» Task to complete: All of the data, word for word and free of pictures, is the expected result.

» Data extract:
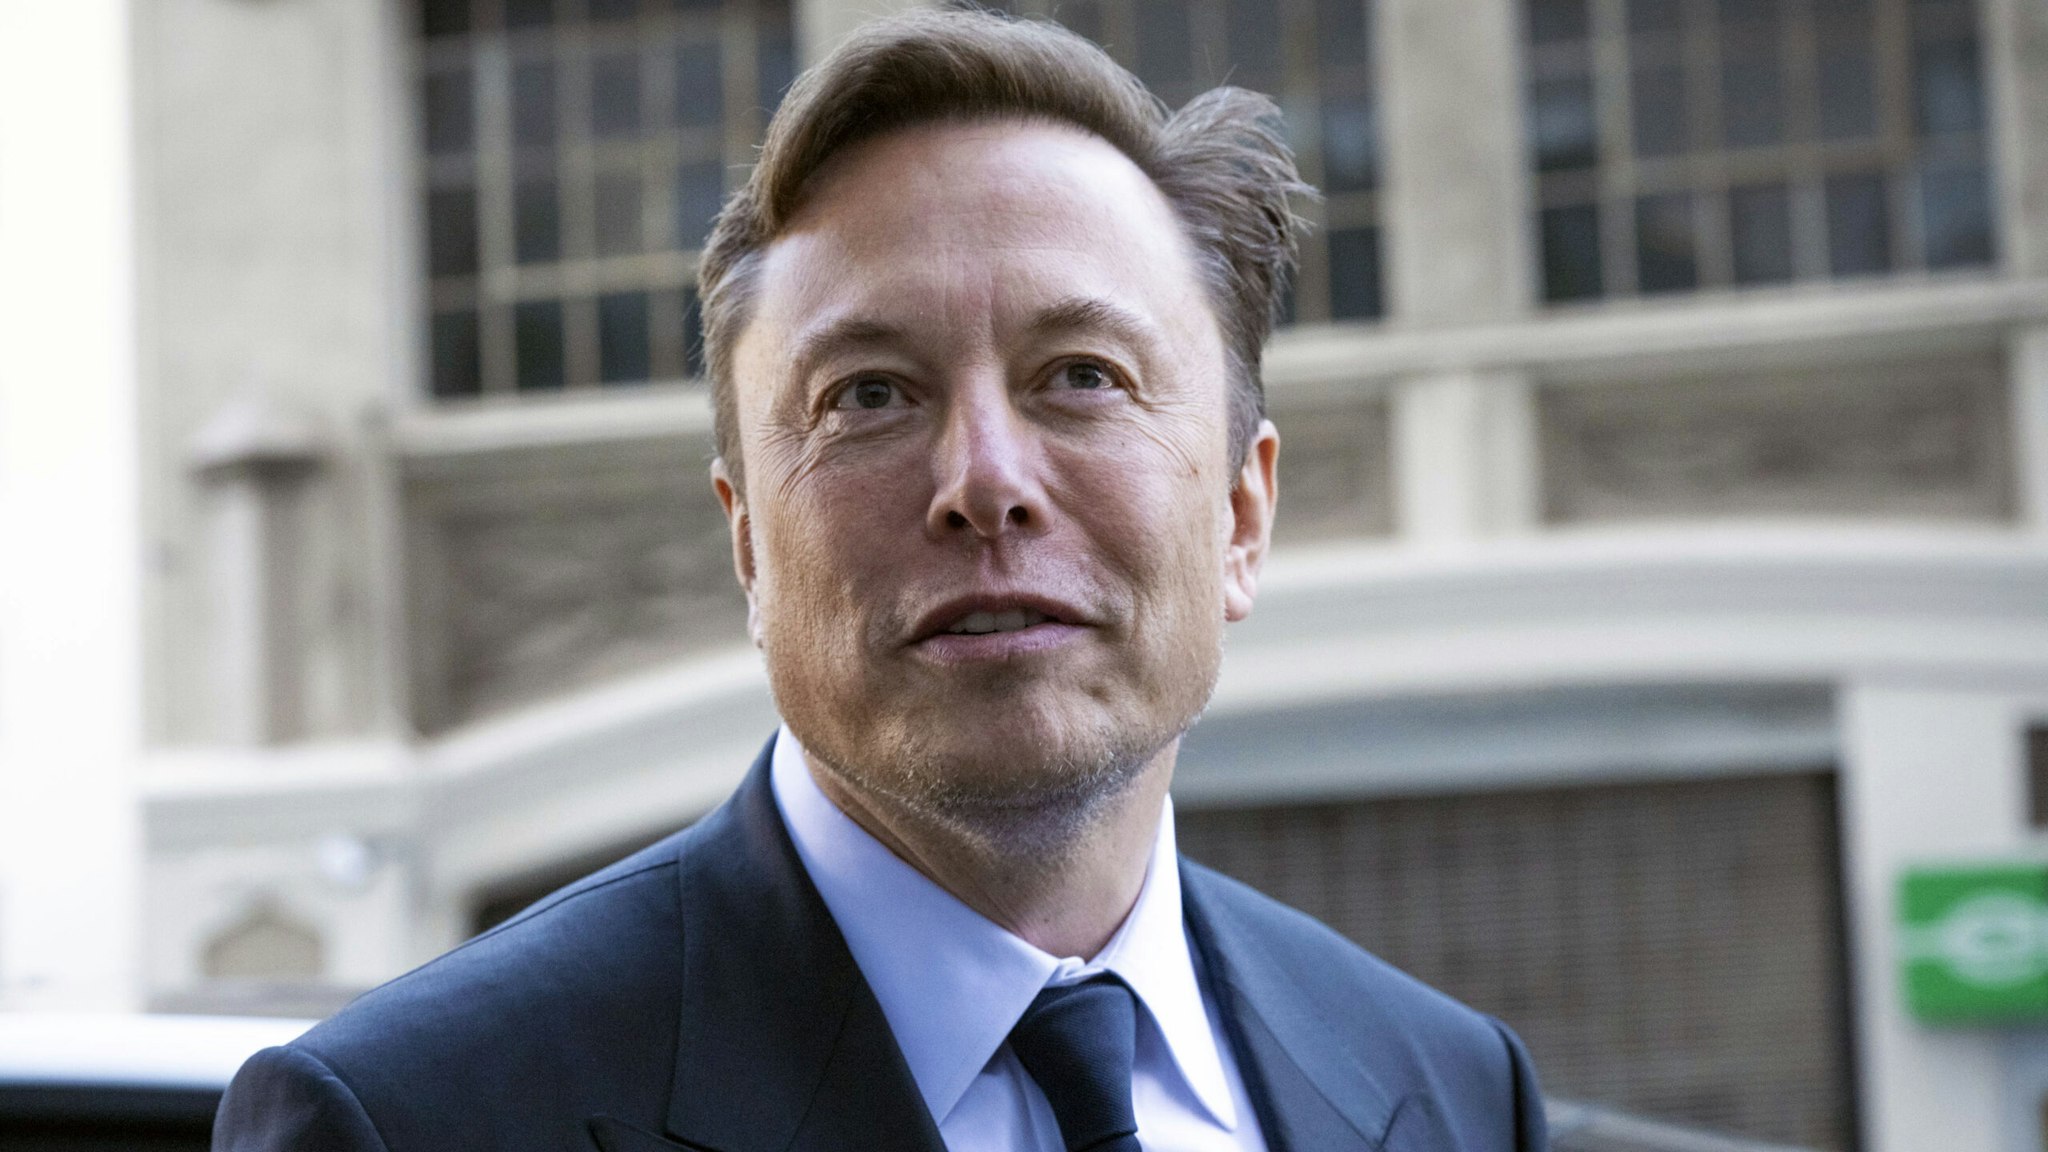 Elon Musk, chief executive officer of Tesla Inc., departs court in San Francisco, California, US, on Tuesday, Jan. 24, 2023. Investors suing Tesla and Musk argue that his August 2018 tweets about taking Tesla private with funding secured were indisputably false and cost them billions of dollars by spurring wild swings in Tesla's stock price.
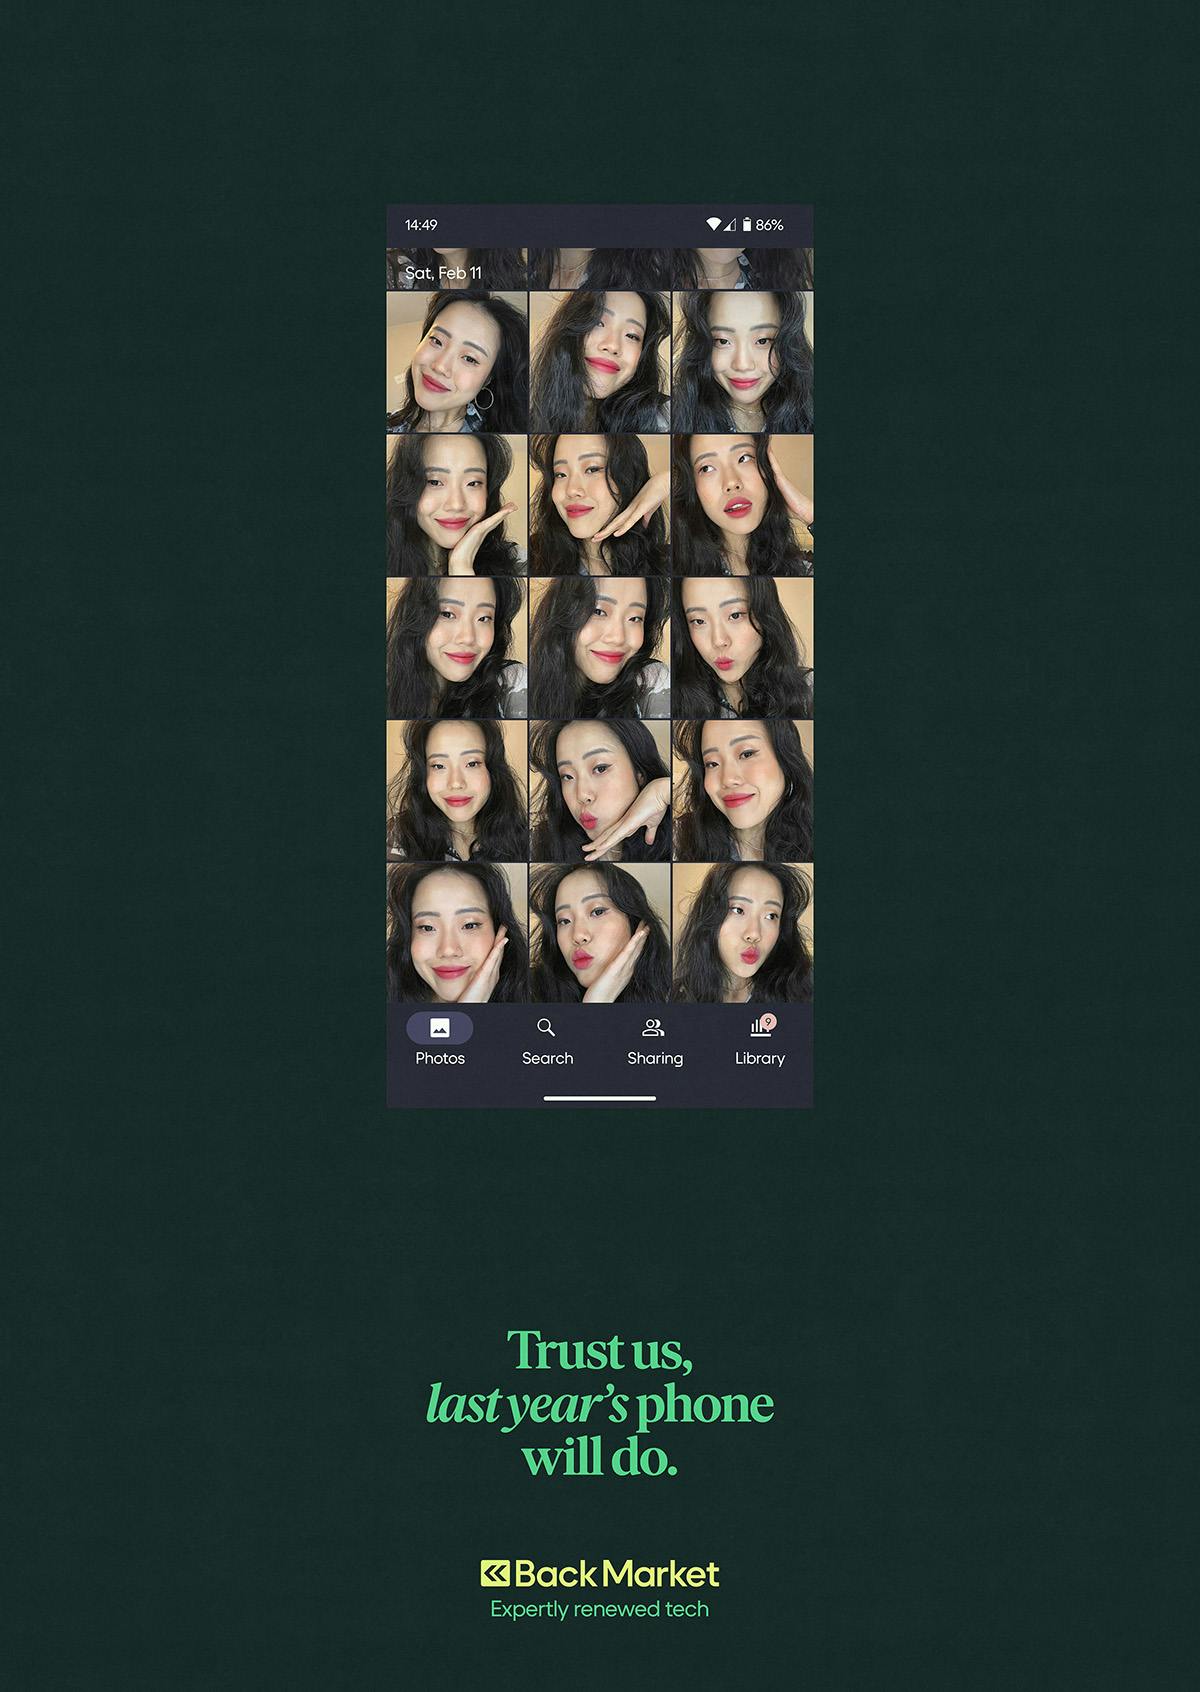 Image from Back Market's campaign showing a picture of a camera roll filled with near identical selfies, and the headline 'Trust us, last year's phone will do' on a dark green background
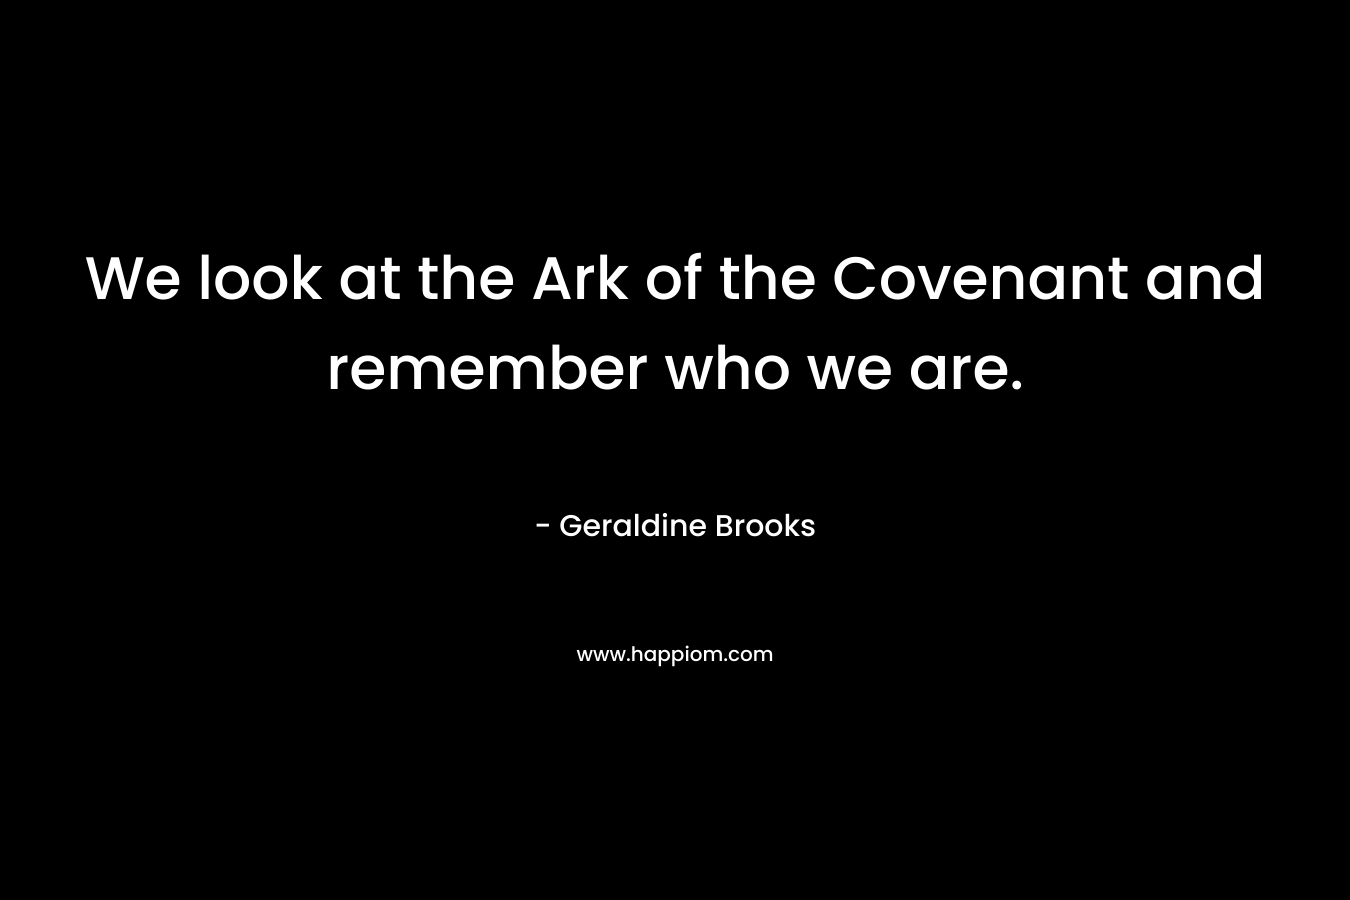 We look at the Ark of the Covenant and remember who we are.

» Answer box:
 Elon Musk, chief executive officer of Tesla Inc., departs court in San Francisco, California, US, on Tuesday, Jan. 24, 2023. Investors suing Tesla and Musk argue that his August 2018 tweets about taking Tesla private with funding secured were indisputably false and cost them billions of dollars by spurring wild swings in Tesla's stock price.
 Image from Back Market's campaign showing a picture of a camera roll filled with near identical selfies, and the headline 'Trust us, last year's phone will do' on a dark green background
 We look at the Ark of the Covenant and remember who we are.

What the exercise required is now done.